### Exercise description
All of the data, word for word and free of pictures, is the expected result.

### Supplied data
╭──
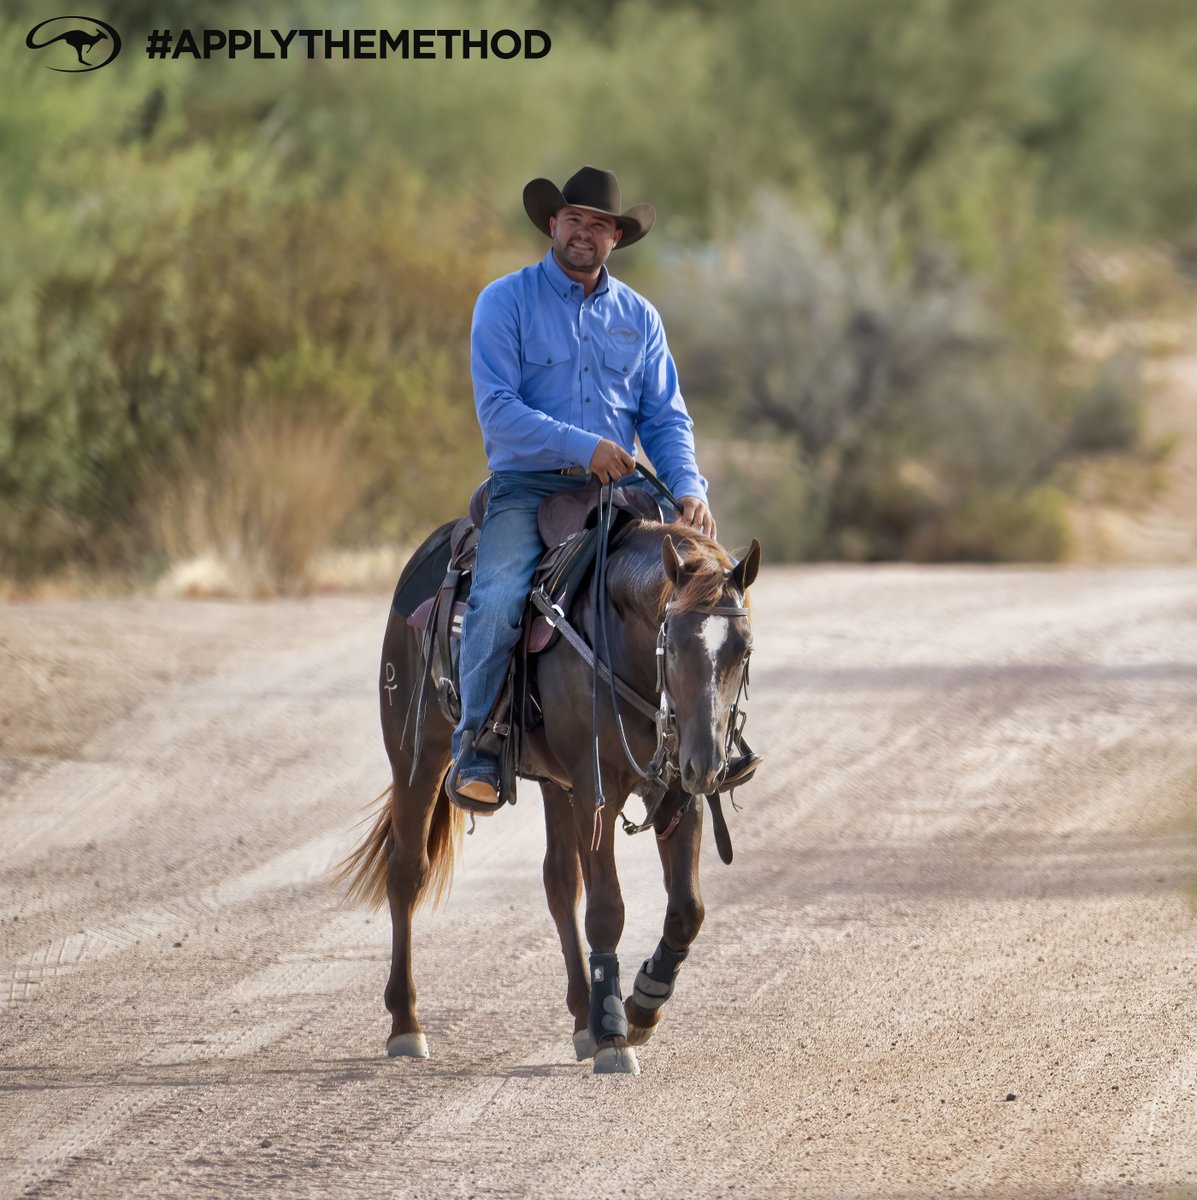 With horsemanship, there is no final destination. Every day is a new chance to learn something.
𝗣𝗿𝗼𝗳𝗲𝘀𝘀𝗶𝗼𝗻𝗮𝗹 𝗖𝗹𝗶𝗻𝗶𝗰𝗶𝗮𝗻 𝗝𝗲𝗳𝗳 𝗗𝗮𝘃𝗶𝘀
certifiedclinician.com/clinician/jeff…
#ApplyTheMethod
╰──
### Result
 With horsemanship, there is no final destination. Every day is a new chance to learn something.
𝗣𝗿𝗼𝗳𝗲𝘀𝘀𝗶𝗼𝗻𝗮𝗹 𝗖𝗹𝗶𝗻𝗶𝗰𝗶𝗮𝗻 𝗝𝗲𝗳𝗳 𝗗𝗮𝘃𝗶𝘀
certifiedclinician.com/clinician/jeff…
#ApplyTheMethod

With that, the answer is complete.